Можно думать, что перед нами какой-то отрывок лирической прозы или даже прозы потока сознания с ее прихотливым и нерасчлененным движением ощущений, мыслей, воспоминаний и т.д., в котором основная художественная задача состоит в непосредственной передаче синкретической жизни души. Можно думать, в крайнем случае, что перед нами какая-то развернутая ремарка в сугубо психологической пьесе. Но вряд ли мы подумали бы, что это драматический диалог или, вернее, полилог пяти действующих лиц. Вот как он выглядит на самом деле в «Госпоже Ленин» (1909, вторая редакция 1912):


     Голос Зрения.  Только что кончился дождь, и на согнутых концах потемневшего сада висят капли ливня.
     Голос Слуха.  Тишина. Слышно, что кем-то отворяется калитка. Кто-то идет по дорожкам сада.
     Голос Рассудка.  Куда?
     Голос Соображения.  Здесь можно идти только в одном направлении.
     Голос Зрения.  Кем-то испуганные поднялись птицы.
     Голос Соображения.  Тем же, кто отворил дверь.
     Голос Слуха.  Воздух наполнен испуганным свистом, раздаются громкие шаги.
     Голос Зрения.  Да, своей неторопливой походкой приближается.
     Голос Памяти.  Врач Лоос. Он был тогда, не очень давно.
     Голос Зрения.  Он весь в черном. Шляпа низко надвинута над голубыми смеющимися глазами. Сегодня, как и всегда, его рыжие усы подняты к глазам, а лицо красно и самоуверенно. Он улыбается, точно губы его что-то говорят.
     Голос Слуха.  Он говорит: „Добрый день...”
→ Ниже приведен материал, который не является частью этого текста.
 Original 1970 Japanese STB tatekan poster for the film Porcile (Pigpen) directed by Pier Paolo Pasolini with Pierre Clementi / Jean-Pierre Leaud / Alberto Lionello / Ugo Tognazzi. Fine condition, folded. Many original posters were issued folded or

В сравнении этого драматического текста с нашей транскрипцией совершенно ясно предстает характер хлебниковского метода. Единый, слитный, хаотический поток сознания он разлагает на составляющие его самостоятельные голоса, на сравнительно простые, качественно различные элементы. В результате такого спектрального анализа мы видим целый “театр души”, где каждое, условно говоря, чувство — зрение, слух, рассудок, память и т.п. — одарено словом и каждое с разными заданиями выступает на подмостках слова. Все эти действующие лица (а они так прямо и названы в пьесе) выходят из слова и возвращаются в него, поскольку все они только голоса.
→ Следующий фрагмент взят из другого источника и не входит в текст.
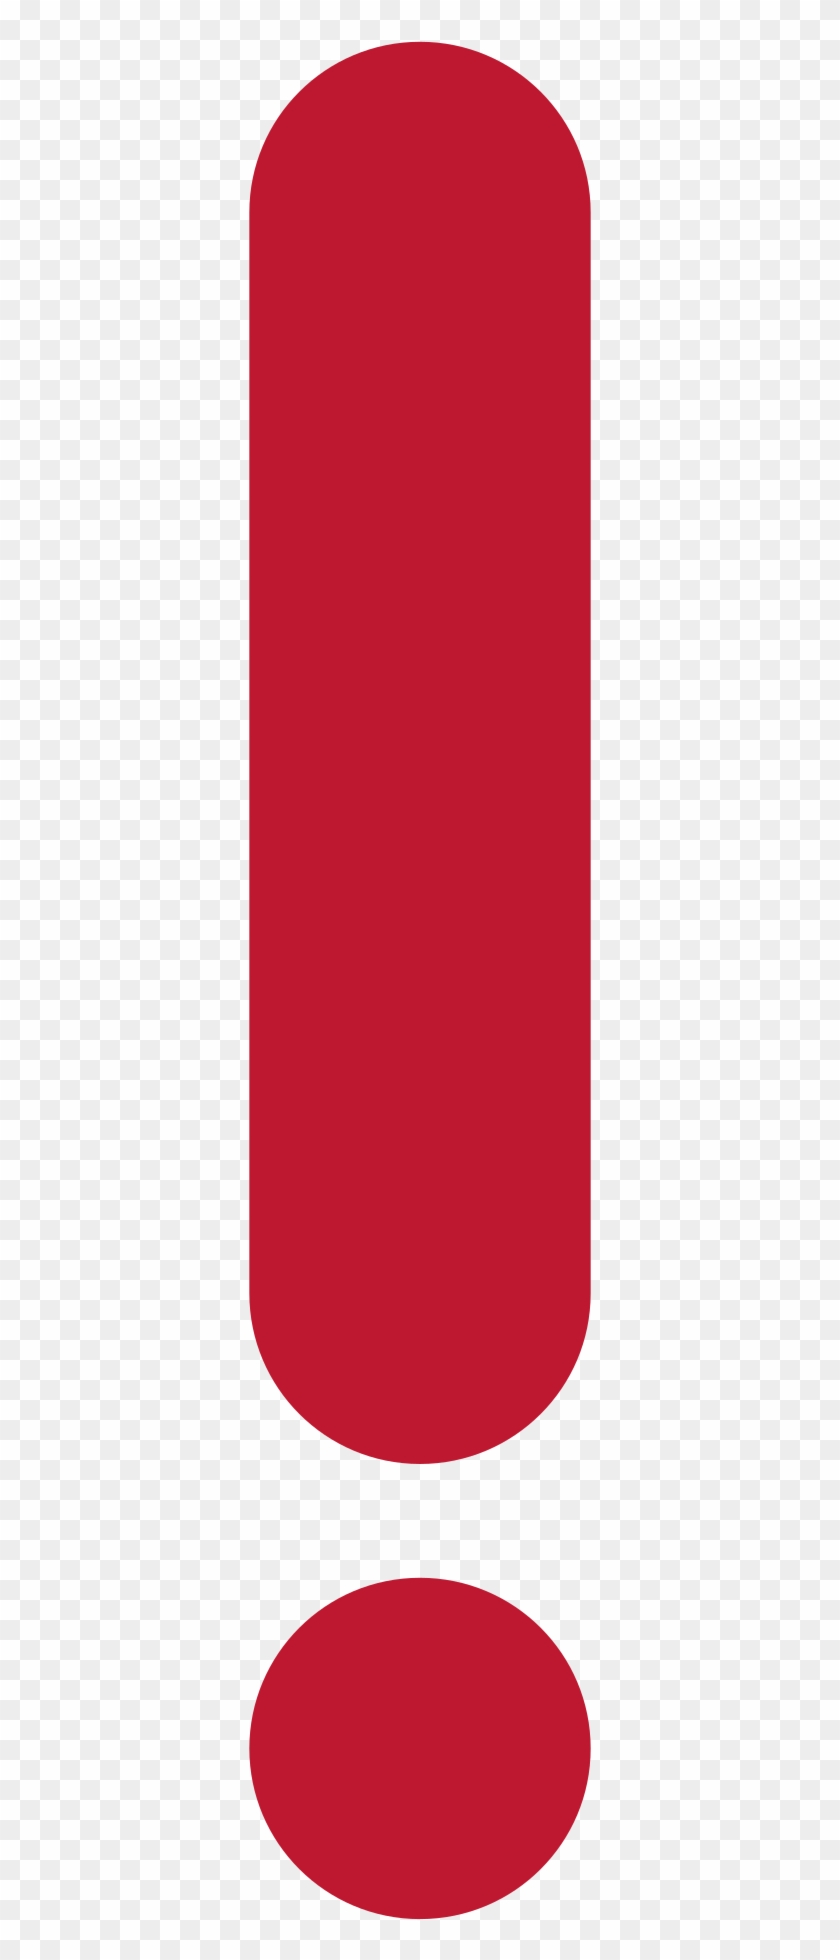 Red Exclamation Mark Symbol

Казалось бы, драматург всего лишь раздробил обычное лирическое повествование на отдельные партии. Однако как раз благодаря этой партитуре мы переживаем движение слова уже не в одном, а как бы в двух измерениях. По горизонтали, так сказать, мы как бы отдаемся течению потока сознания, по вертикали же — как будто исследуем его рельеф, спускаемся и подымаемся по его ступеням. При этом по горизонтали перед нами развертывается внешняя картина событий, по вертикали — внутренняя структура сознания. Обращаясь от внешних ощущений и впечатлений к внутренним реакциям на них и от чувств и мыслей — снова к внешним впечатлениям, мы как бы постоянно перемещаемся снаружи вовнутрь и изнутри наружу. И тут оказывается, что такое движение не случайно, не хаотично, а вполне иерархически упорядочено. Если в лирике наше эстетическое внимание сосредоточенс преимущественно на слитности и согласии всех ее элементов то здесь на первый план выдвигается раздельность и разногласие дифференцированных голосов. Они идут к нам из разных слоев, из разных точек сознания, создавая ощущение какого-то внутреннего драматического пространства, какого-то интерьера сознания.
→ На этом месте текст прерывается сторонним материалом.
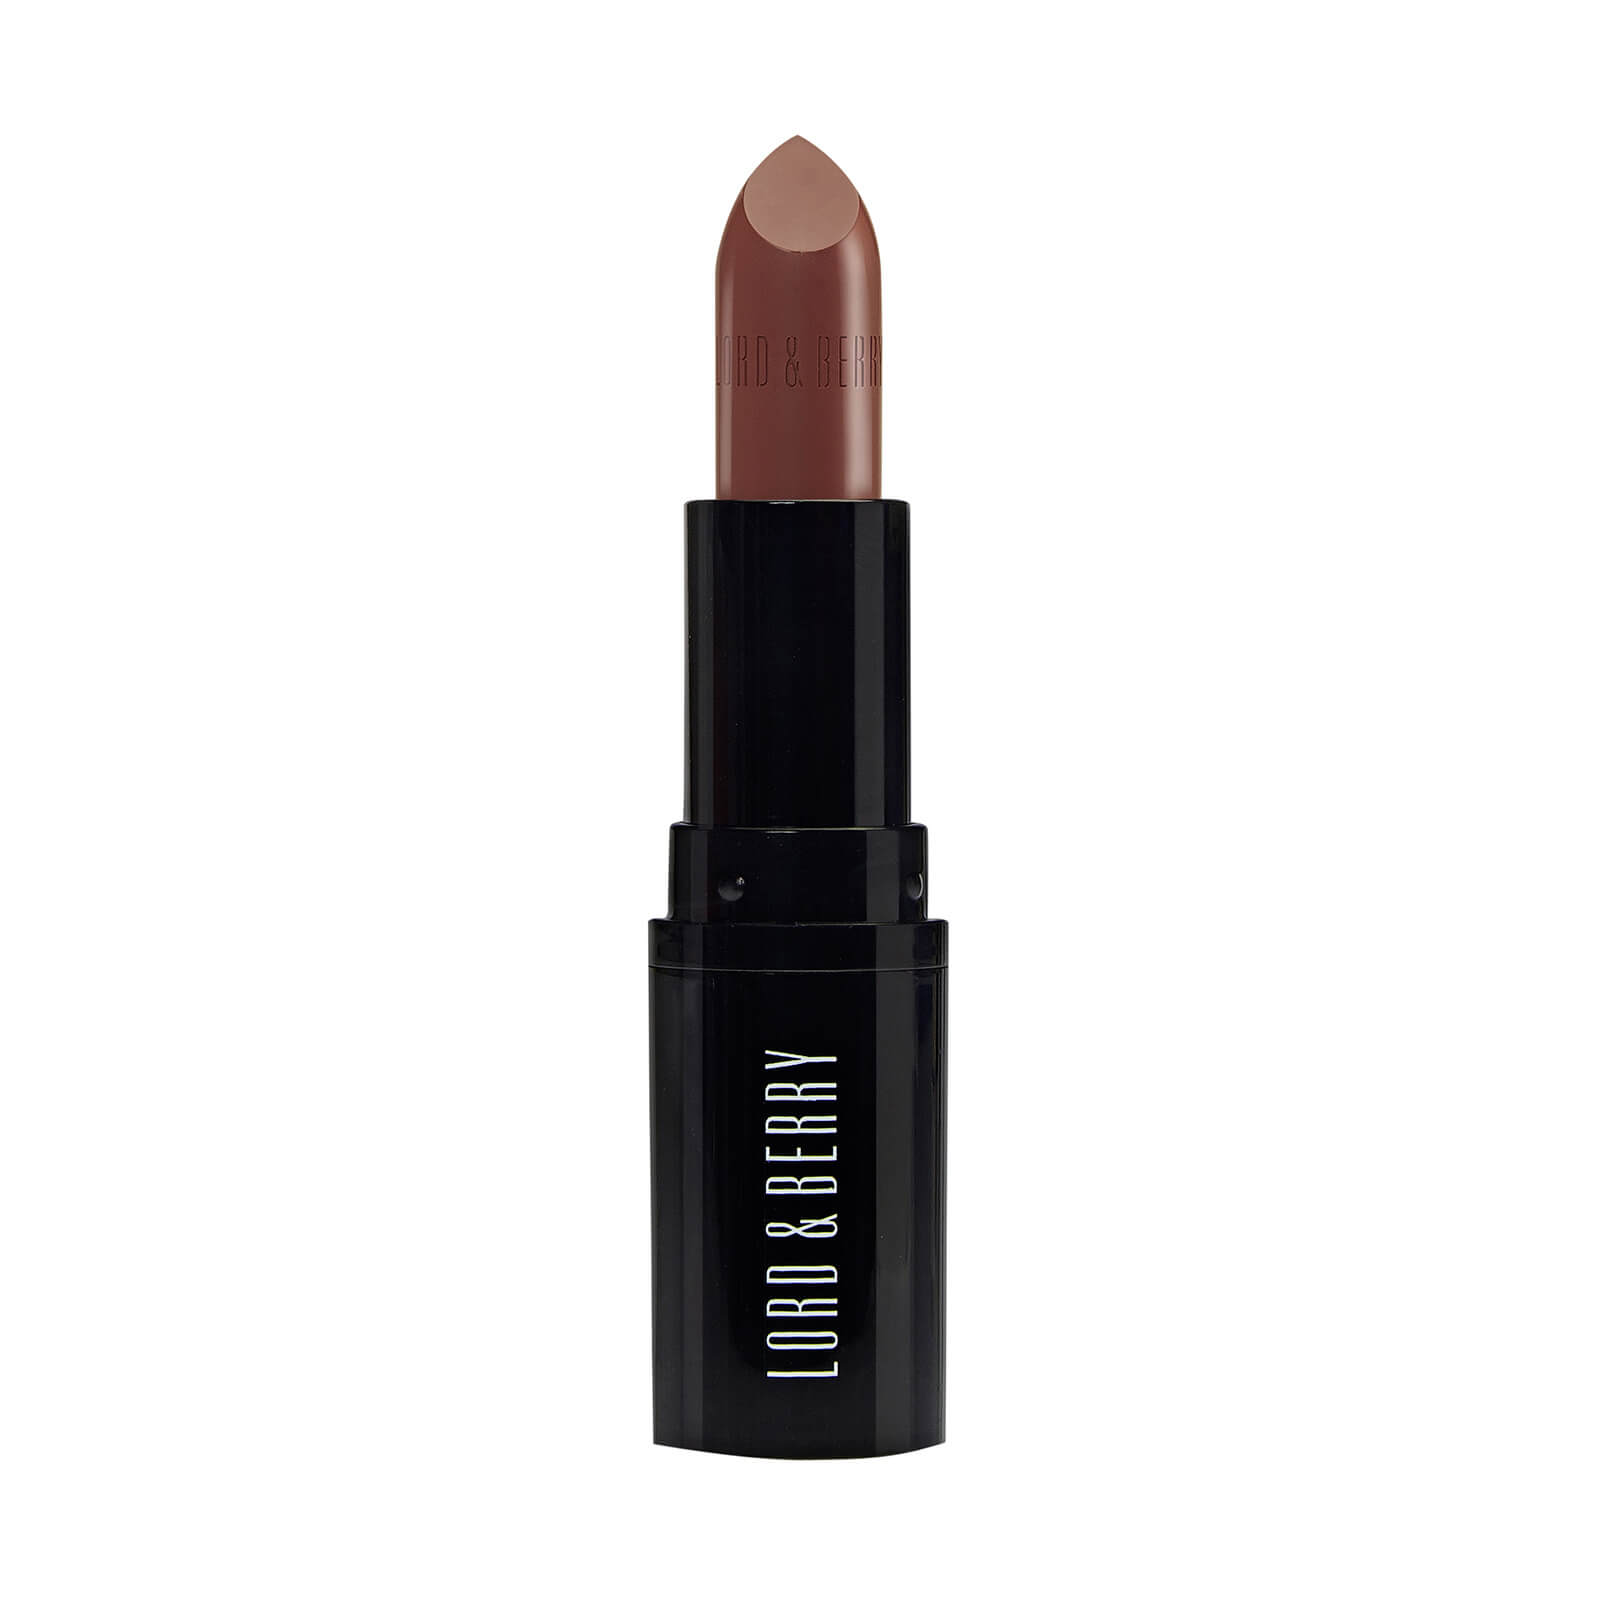 Image of Lord & Berry Absolute Lipstick 23g (Various Shades) - Haute Nude

На первый взгляд может даже показаться, что предметом драматического анализа здесь как раз и является вот этот самый интерьер сознания, эти “кулисы души”. Но дело гораздо сложнее и гораздо интереснее. Конечно, расчленяя и дифференцируя элементы сознания, делая их действующими лицами пьесы, драматург выявляет и даже сценически представляет нам структуру сознания в его динамике. Тем не менее этого еще совсем недостаточно для драматического действия. Перед нами ведь не какое-нибудь психологическое исследование, для которого достаточно зафиксировать элементы сознания в их структурных отношениях. Перед нами художественное произведение, именно драма. Так где же тут драматический конфликт, драматическая борьба, в чем тут живой человеческий, личный и всеобщий интерес?

Хлебников подчеркивал, что в «Госпоже Ленин» он хотел найти бесконечно-малые художественного слова (СП, II, 110). То, что тут дифференциальный анализ, очевидно, но где же это художественное слово, которое расчленяется на бесконечно-малые голоса? Само собой напрашивается предположение, что имеется в виду просто-напросто лирическое единство и его драматический анализ, выявляющий и обостряющий составной, разнокачественный характер лирики, ее диалогический и даже полифонический строй. Но и этого еще недостаточно. Мы ни на минуту не забываем, что перед нами не литературоведческий анализ лирики, а драма. В чем же тут дело?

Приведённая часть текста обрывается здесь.